Input for this task:
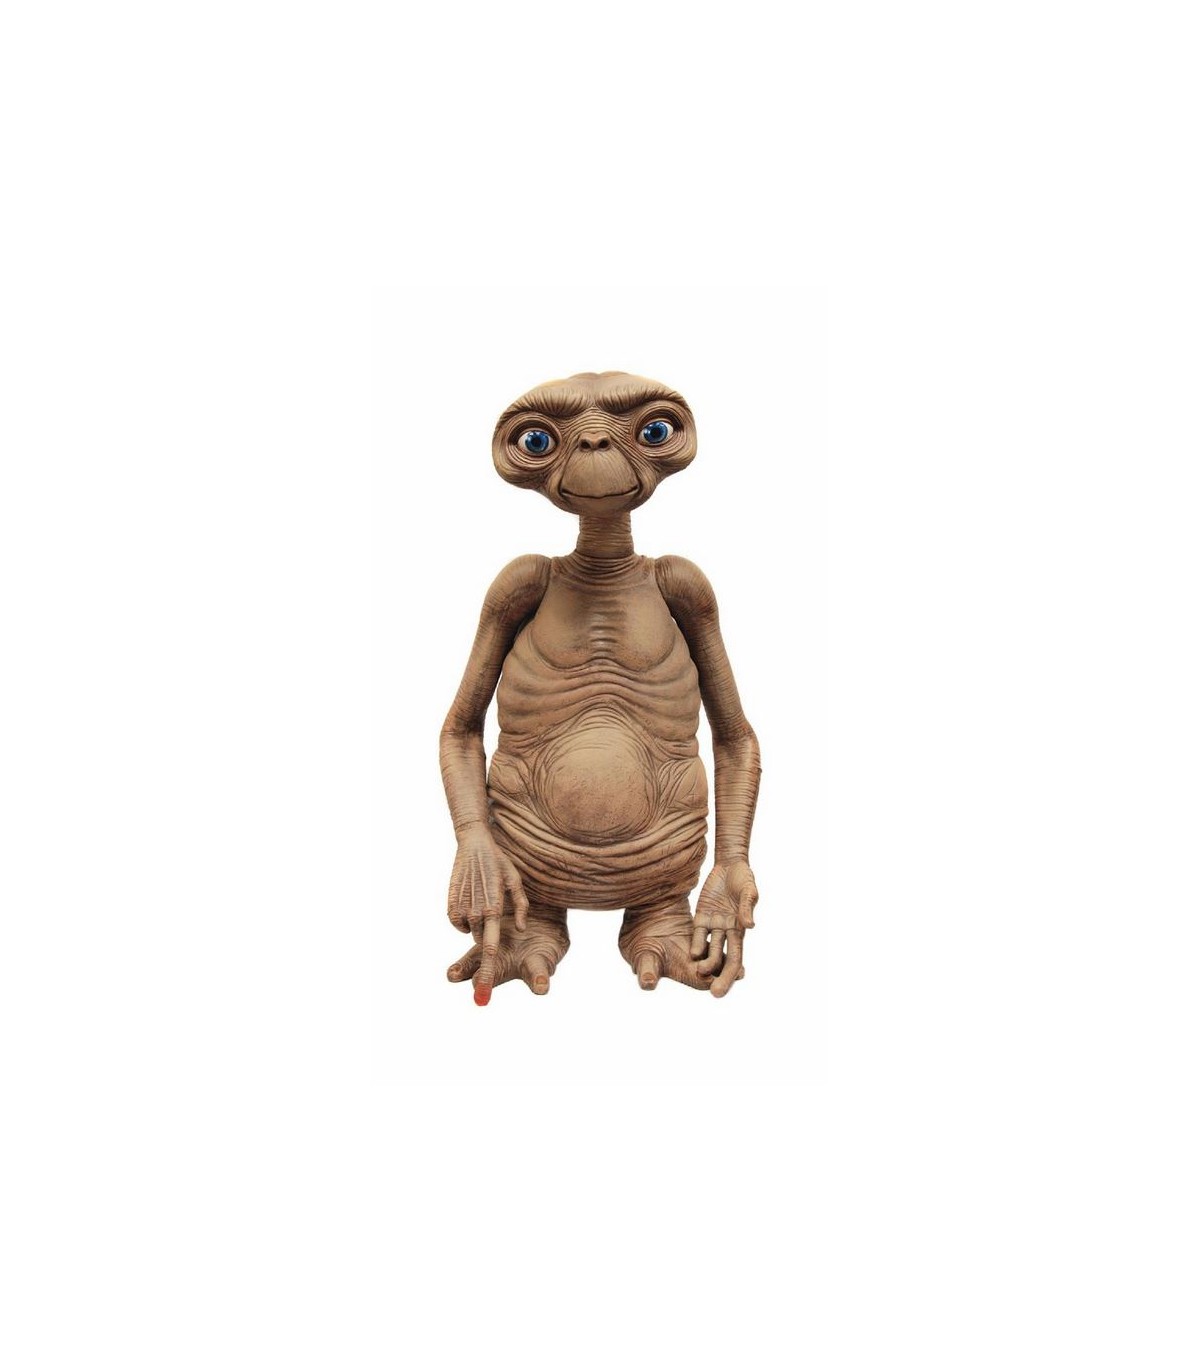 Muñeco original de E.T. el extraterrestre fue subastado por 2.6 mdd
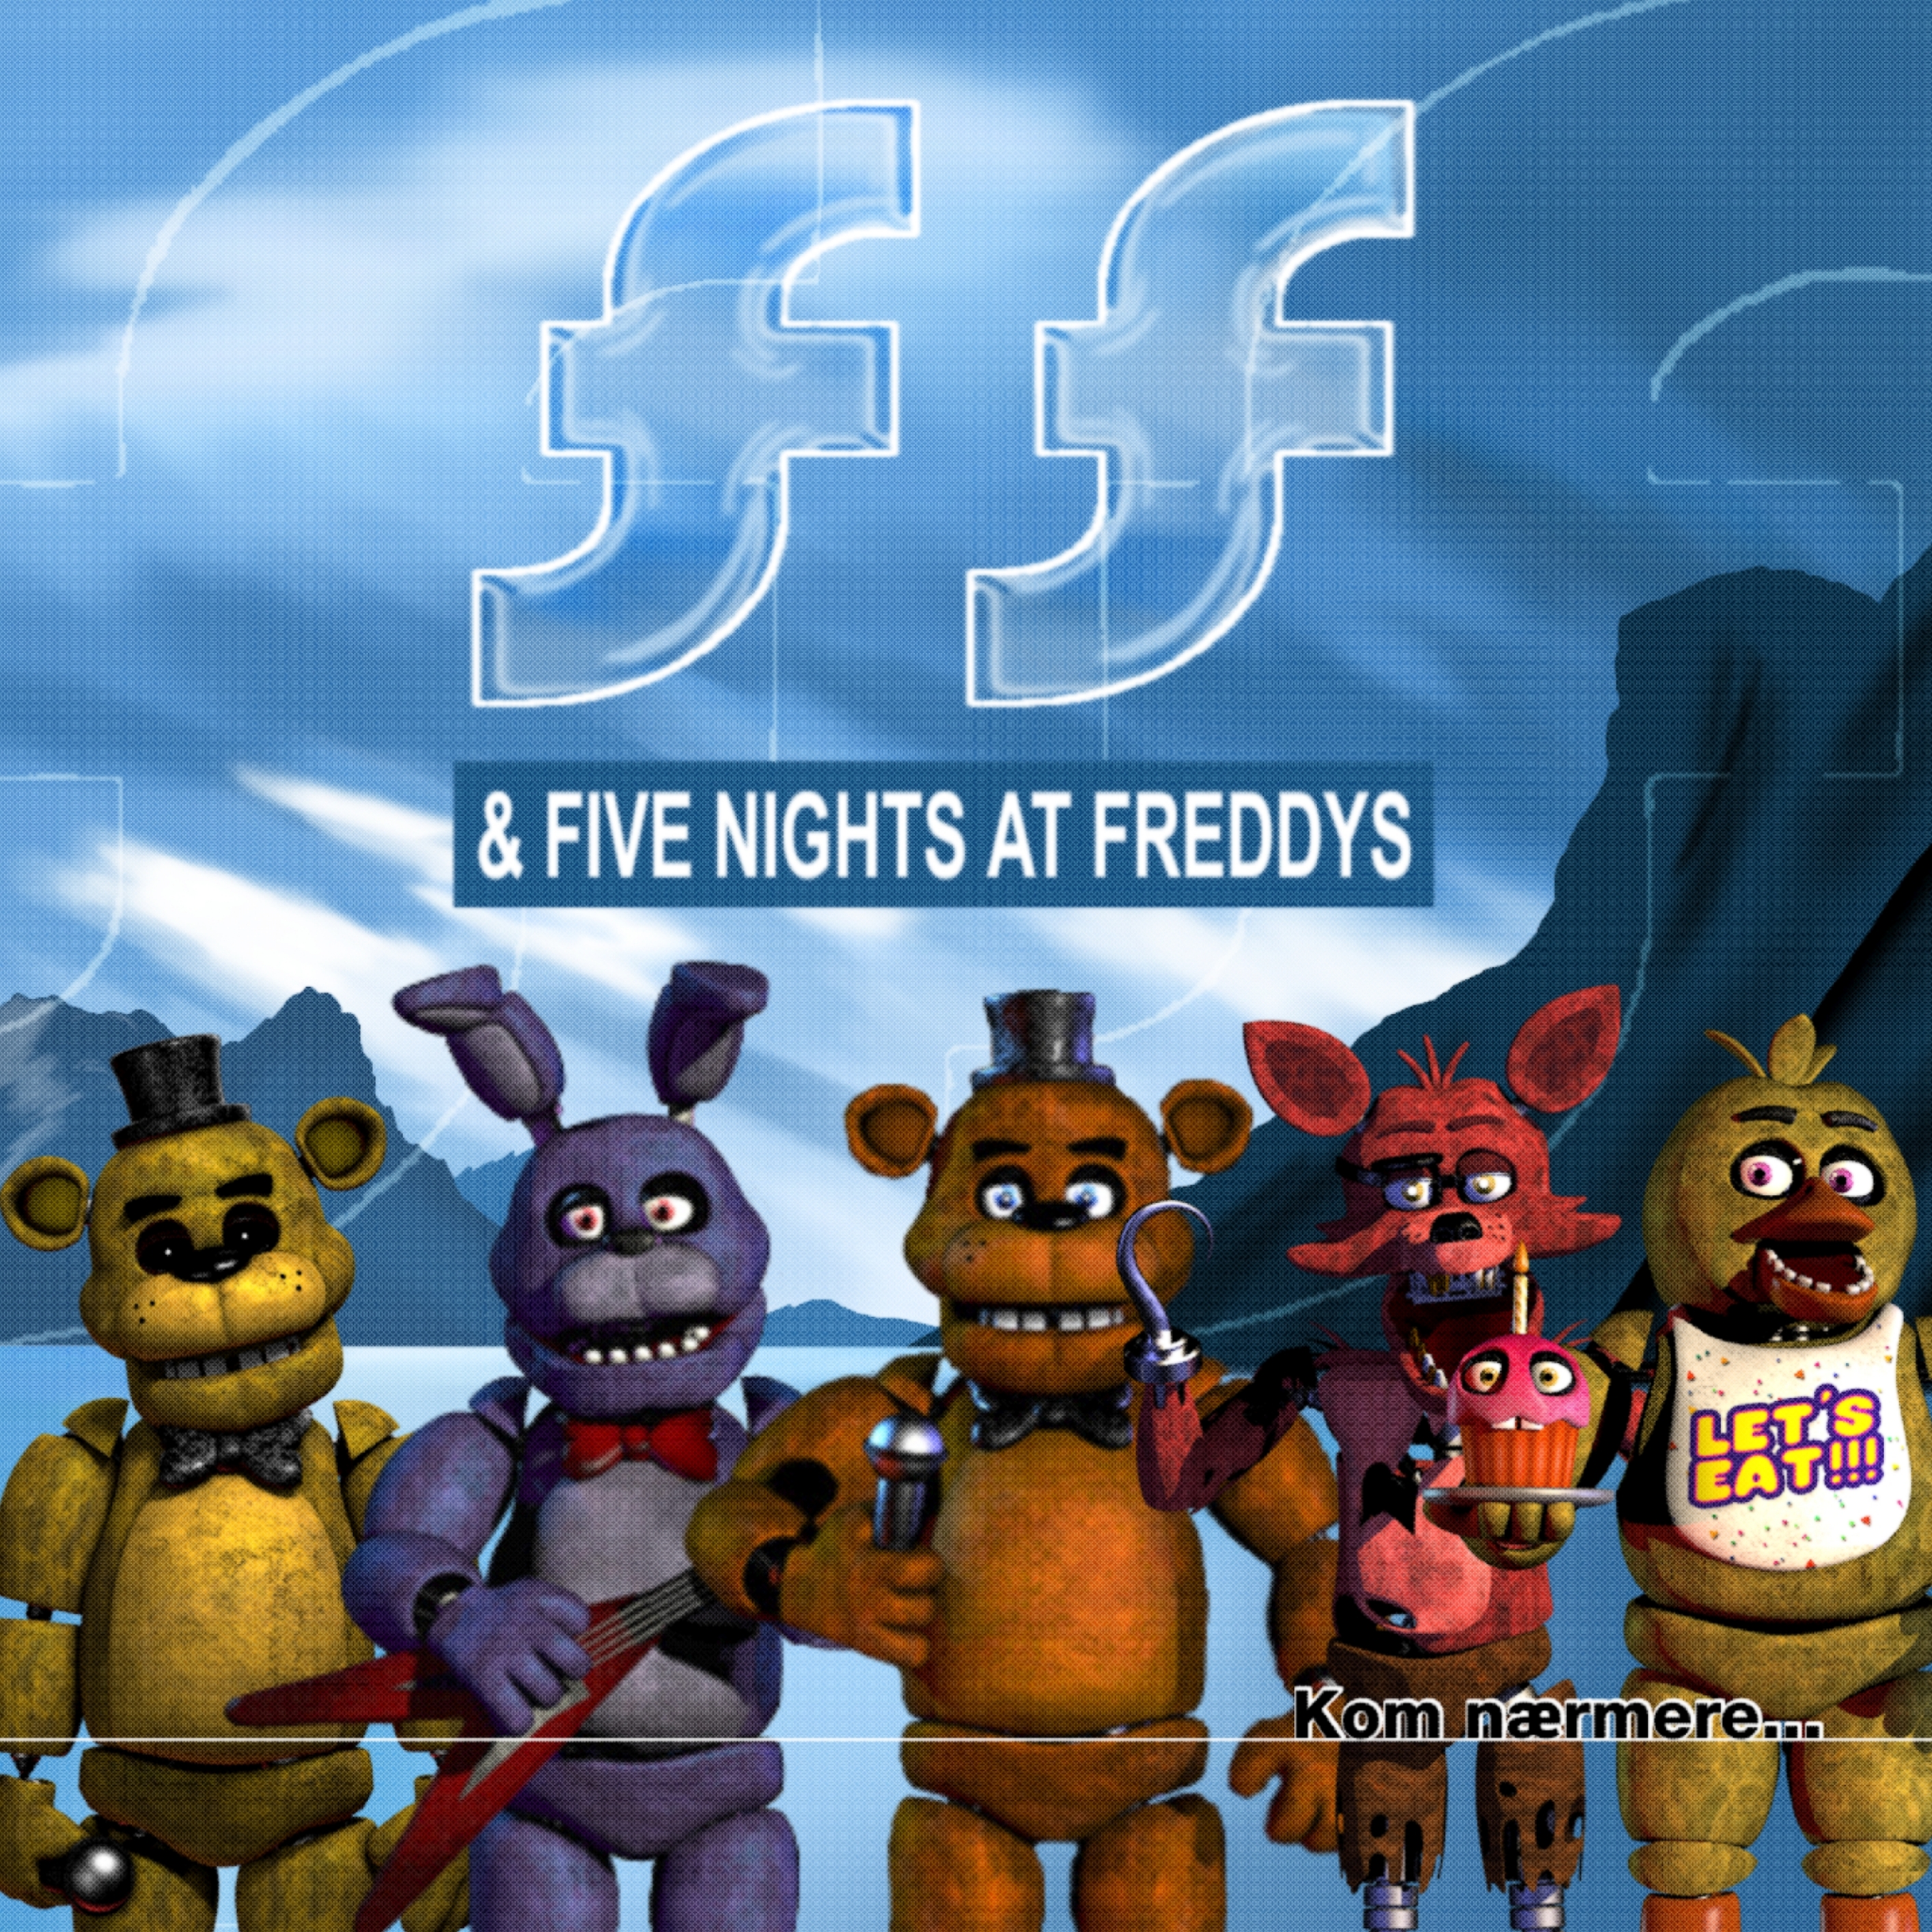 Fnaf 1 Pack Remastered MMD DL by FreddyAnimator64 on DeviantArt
* * *
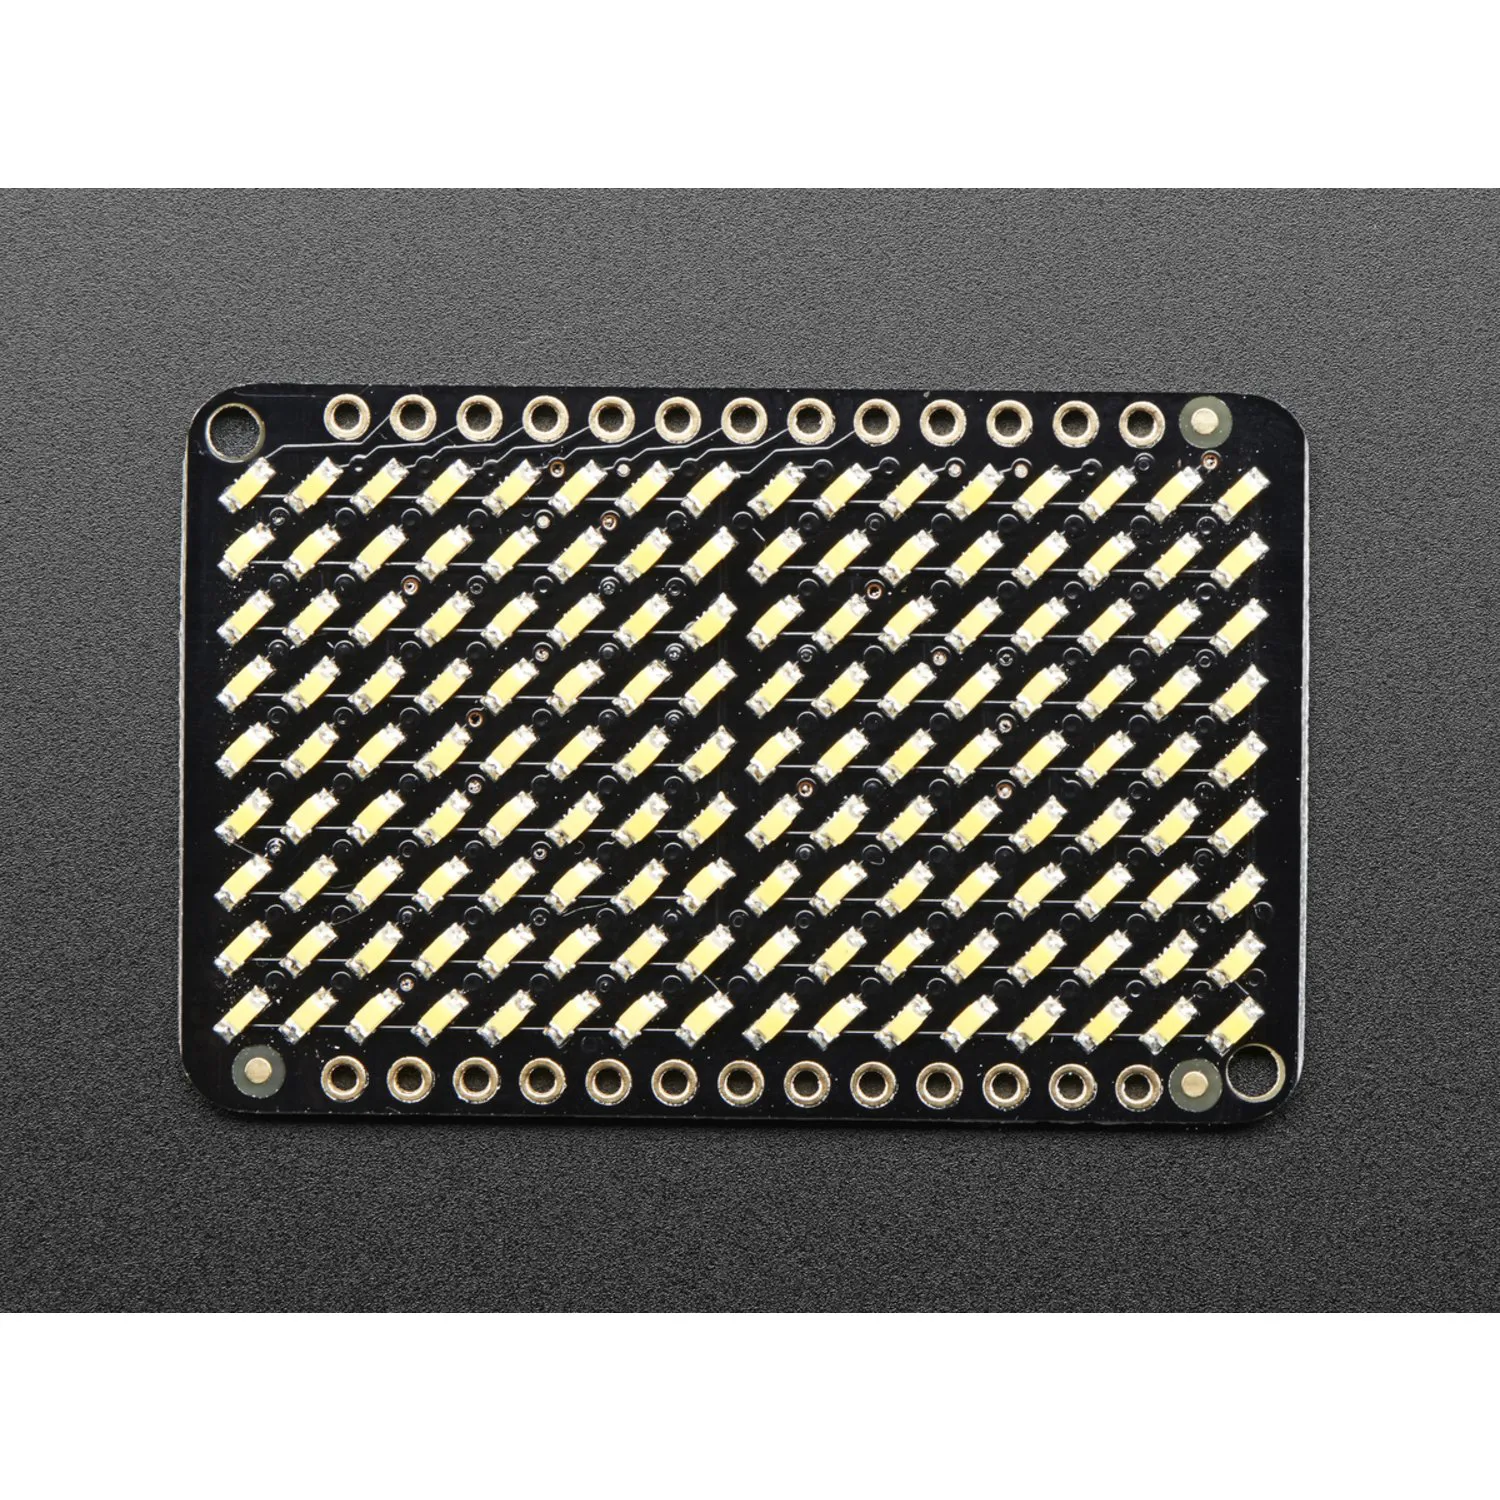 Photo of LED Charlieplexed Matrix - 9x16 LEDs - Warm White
==
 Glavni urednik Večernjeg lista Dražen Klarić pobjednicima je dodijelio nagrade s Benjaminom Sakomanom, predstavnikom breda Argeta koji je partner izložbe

Exercise:
The lines to set down run from the line with "Muñeco original de" up to and including the line with "Fnaf 1 Pack" in the entries above. Reproduce them exactly, with no pictures.

Answer section:
 Muñeco original de E.T. el extraterrestre fue subastado por 2.6 mdd
 Fnaf 1 Pack Remastered MMD DL by FreddyAnimator64 on DeviantArt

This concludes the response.